Supplied material Start Marker

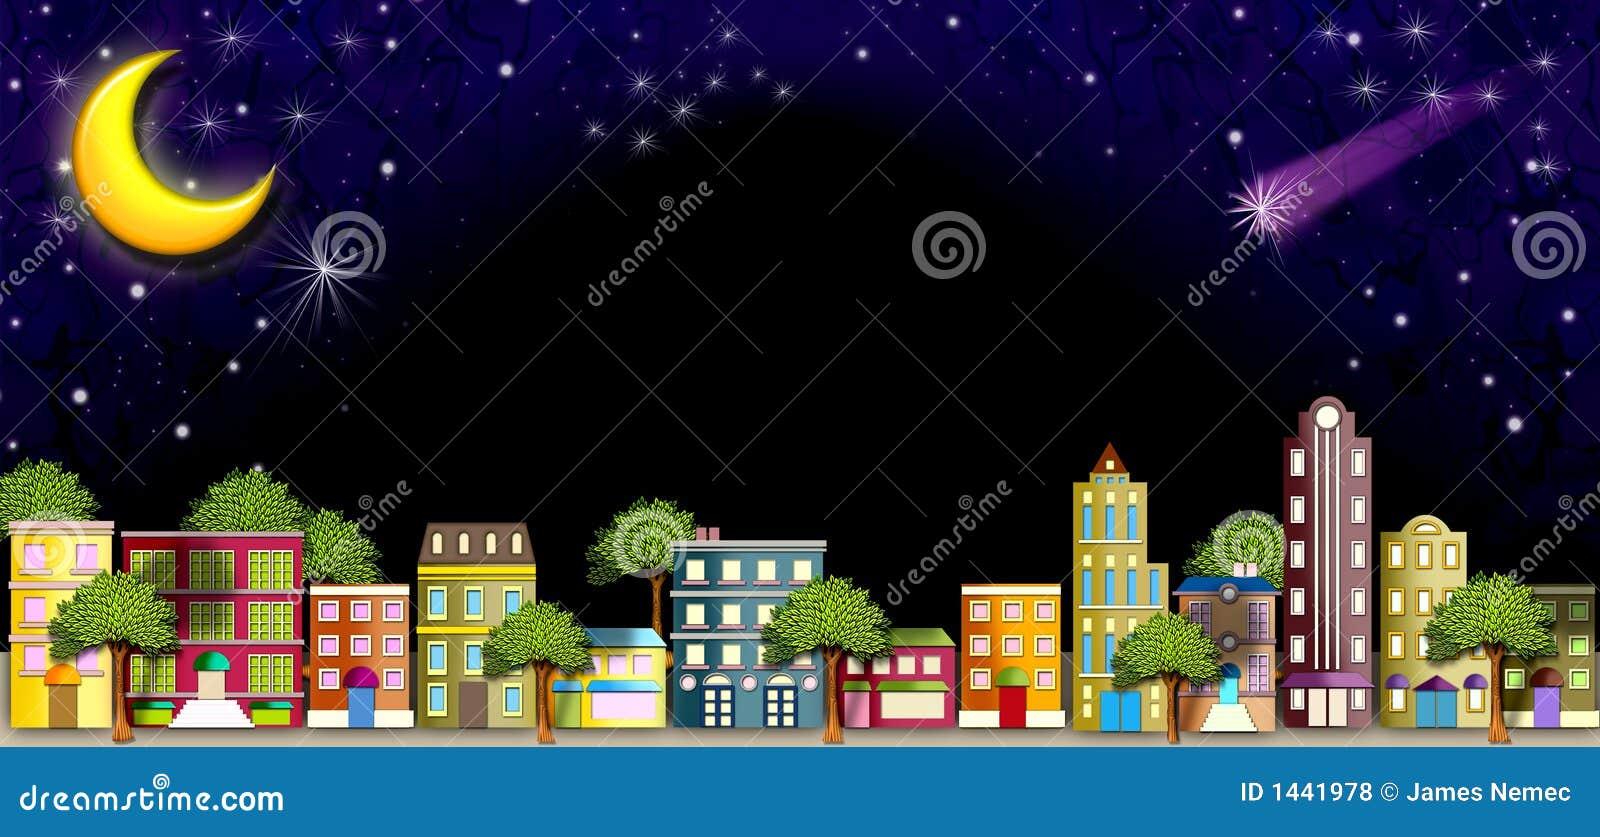 neighborhood street at Night
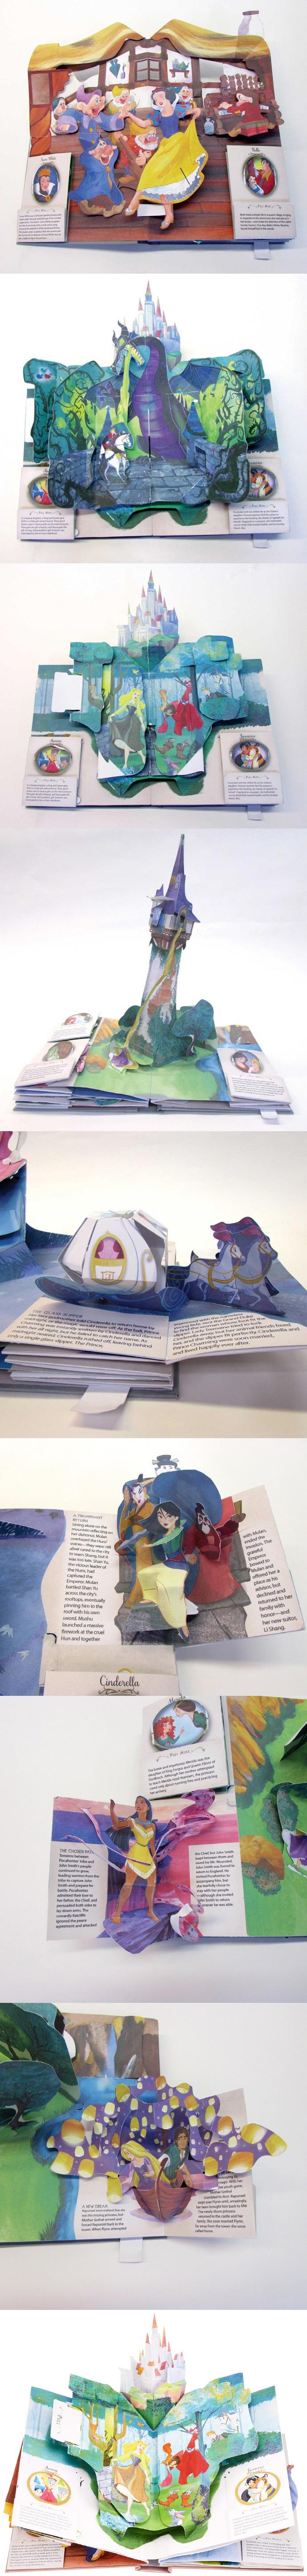 Disney Princess: A Magical Pop-Up World 도서 상세이미지
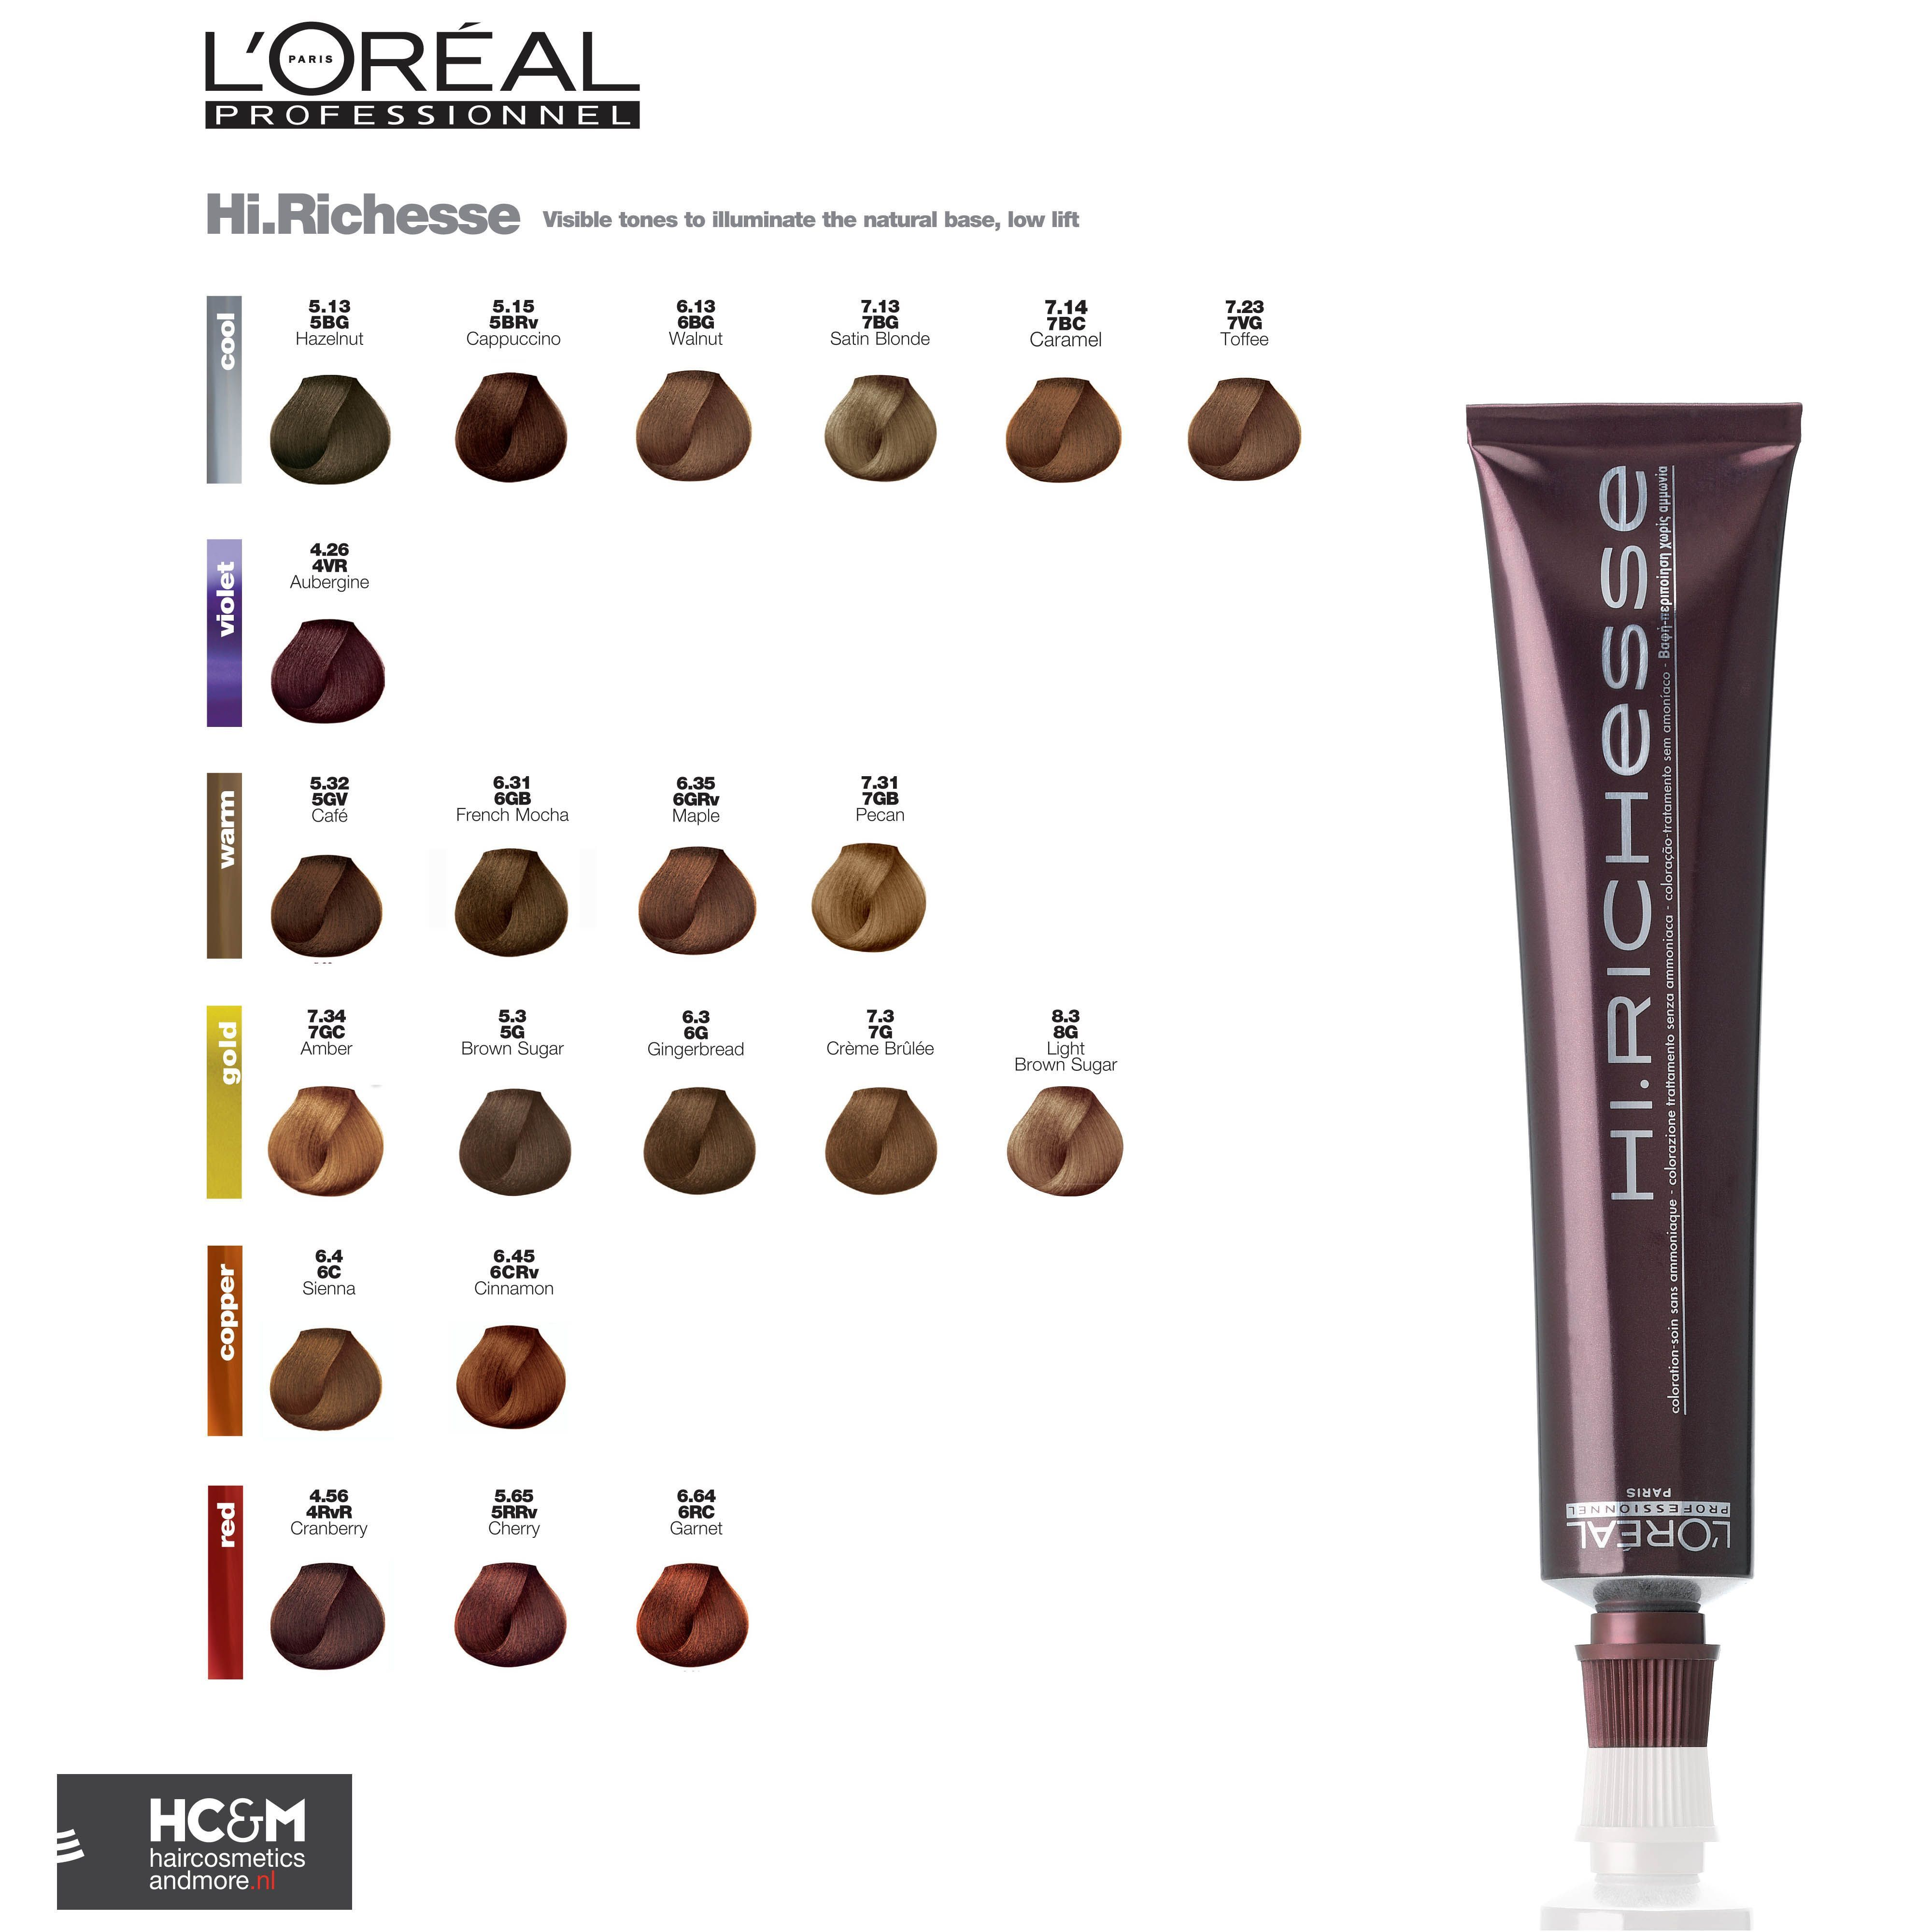 L Oreal Dia Richesse Color Chart Coloringsite
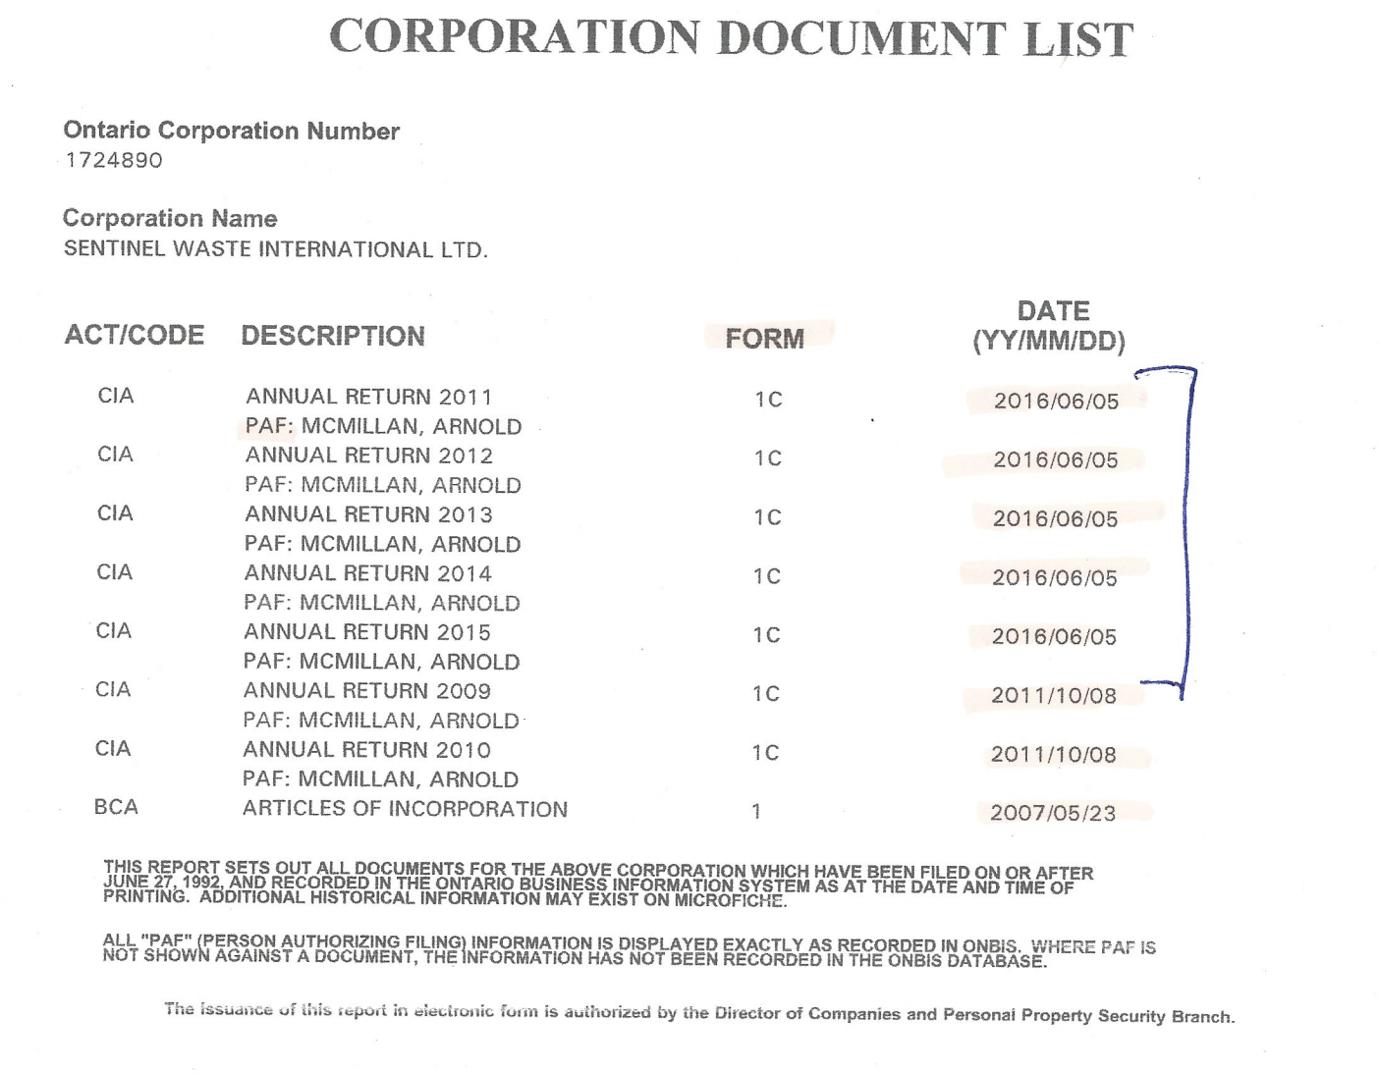 Sentinel Waste International Ltd filing history

Supplied material End Marker

» Task objective: Write out again, word for word, the lines from the one holding "L Oreal Dia" through the final line of the listing, including both ends but no pictures.

» Response for this exercise:
 L Oreal Dia Richesse Color Chart Coloringsite
 Sentinel Waste International Ltd filing history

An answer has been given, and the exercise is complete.